MCW, UWM researchers receive grant to develop patients’ real avatars for virtual doctors’ office visits
Aug. 21, 2012 College News - Scientists from the Medical College of Wisconsin (MCW) and the University of Wisconsin-Milwaukee received a one-year, $100,000 John and Jeanne Byrnes CTSI Award to create a “real” patient avatar that can visit a virtual doctor’s office in cyberspace, and supplement brick and mortar office visits. The goal of the project is to increase access to medical care and reduce healthcare costs without foregoing quality of care.
The principal investigator is F. “Mariam” Zahedi, PhD, Trisept Solutions Professor in Information Technology Management at the University of Wisconsin-Milwaukee. Reza Shaker, MD, Joseph E. Geenen Professor & Chief of Gastroenterology and Hepatology, is the primary investigator at MCW. He practices at Froedtert Hospital. Co-investigators are Hemant Jain, PhD, and Huimin Zhao, PhD, at UWM. Nitin Walia, PhD, serves as the consultant from Ashland University in Ashland, Ohio.
This project aims to deliver health care in a three-dimensional world through interactions of “real” patient avatars and physician avatars. The “real” patient avatars will have patient physiological data in real time. Patient avatars could interact with a physician avatar, allowing the physician to see all the patients’ data through their avatars without the additional costs of bricks-and-mortar physician offices. This method of delivery could increase access to medical care for people in remote areas or who have difficulties traveling to appointments. If successful, this approach could open a new way of delivering medical care.

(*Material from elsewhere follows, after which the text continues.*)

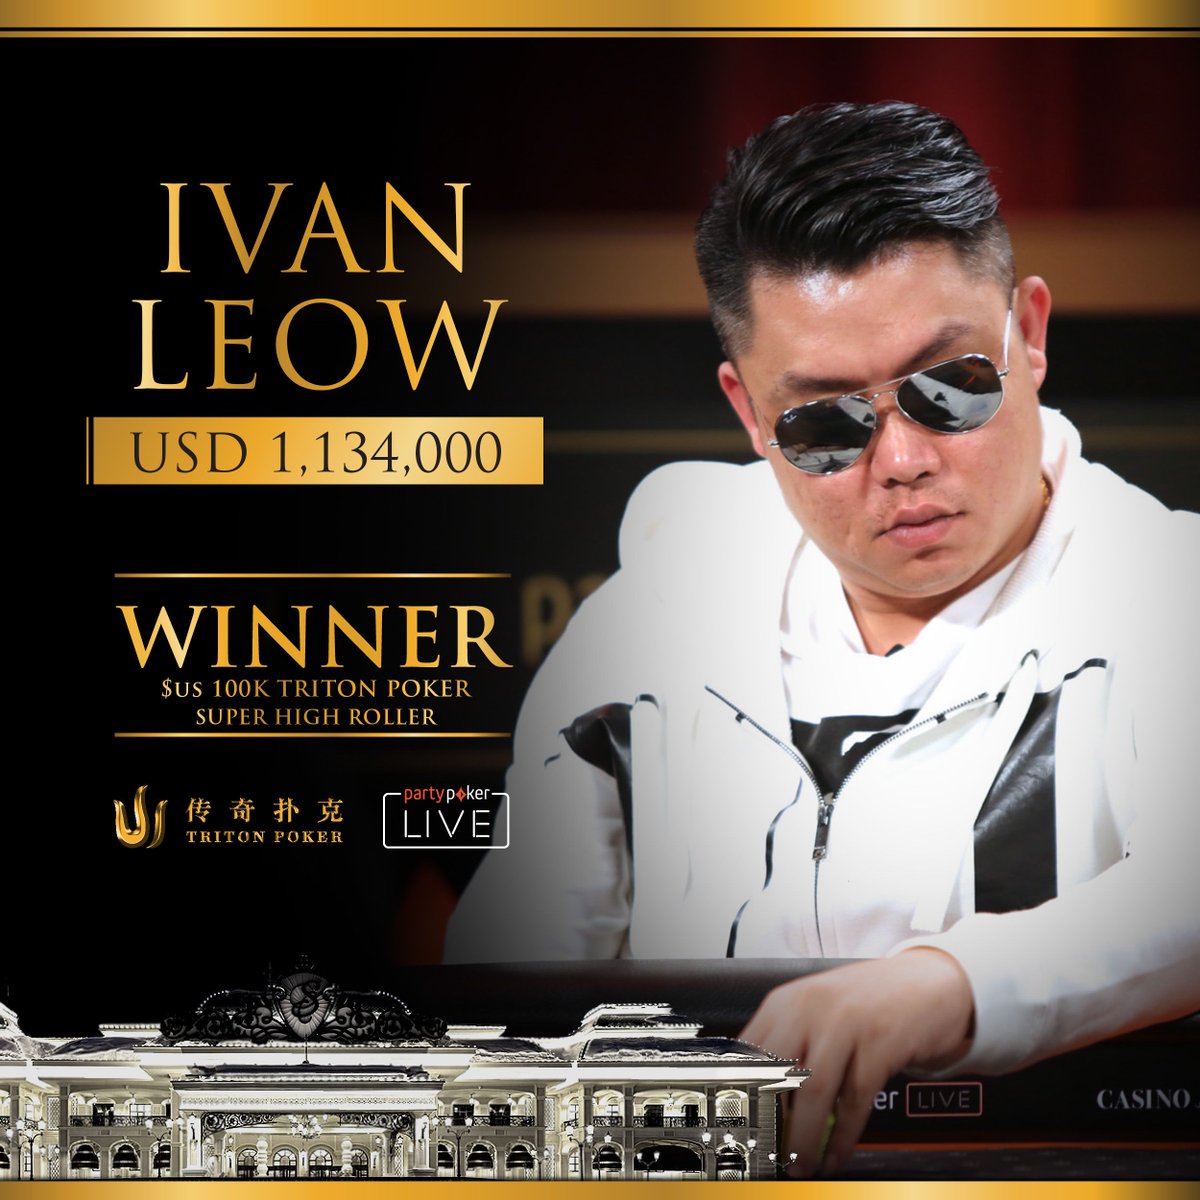  Ivan Leow Triton Poker Sochi.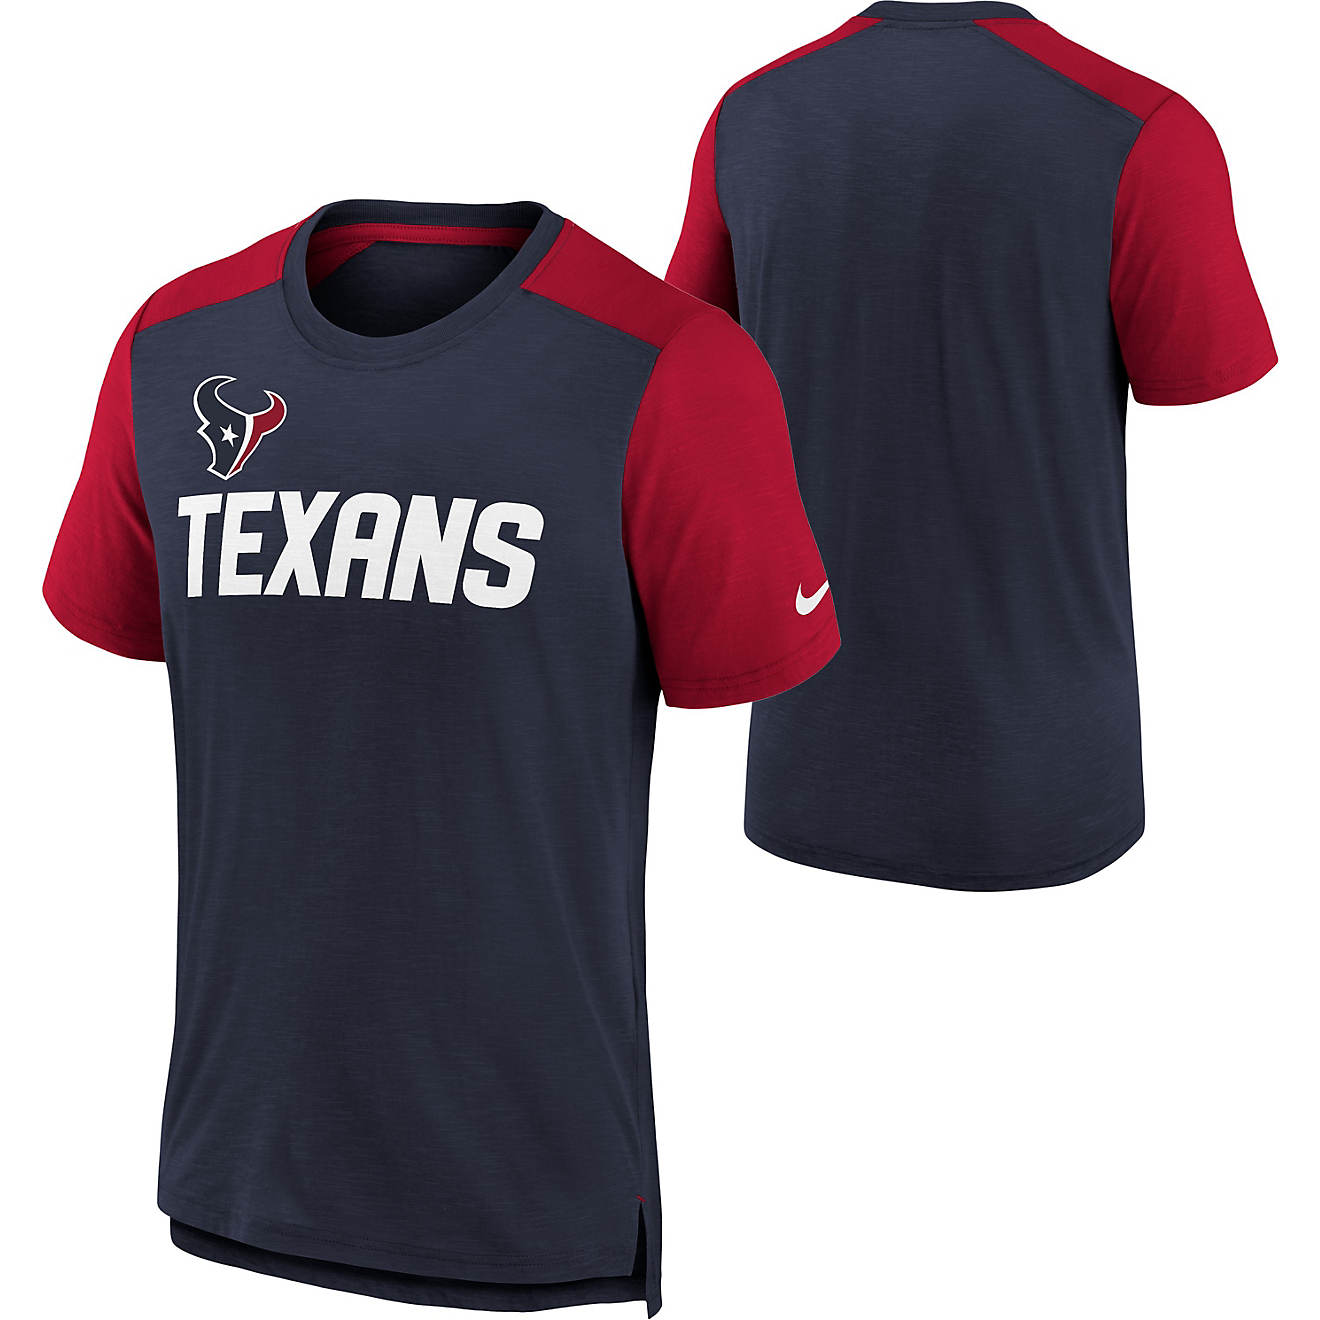 texans shirts academy

This is one of 19 pilot projects being funded in 2012 through the Clinical and Translational Science Institute of Southeast Wisconsin (CTSI). The goal is to create synergy through collaboration, and studies are specifically designed to lead to major future research support. The projects explore findings that have the potential to be translated into clinical practice and community health, and are led by investigators at the CTSI’s eight partnering institutions: the Medical College of Wisconsin, Marquette University, Milwaukee School of Engineering, UW-Milwaukee, Froedtert Hospital, Children’s Hospital of Wisconsin, the VA Medical Center, and the BloodCenter of Wisconsin.
CTSI is part of a national consortium of top medical research institutions. Working together, the CTSI institutions are committed to improve human health by streamlining science, transforming training environments and improving the conduct, quality and dissemination of clinical and translational research. The CTSI program is led by the National Center for Advancing Translational Sciences, part of the National Institutes of Health.
Support for the Pilot Award Program comes from Advancing a Healthier Wisconsin (AHW), the National Institutes of Health (NIH), the Biotechnology and Bioengineering Center (BBC) and the John and Jeanne Byrnes CTSI Award.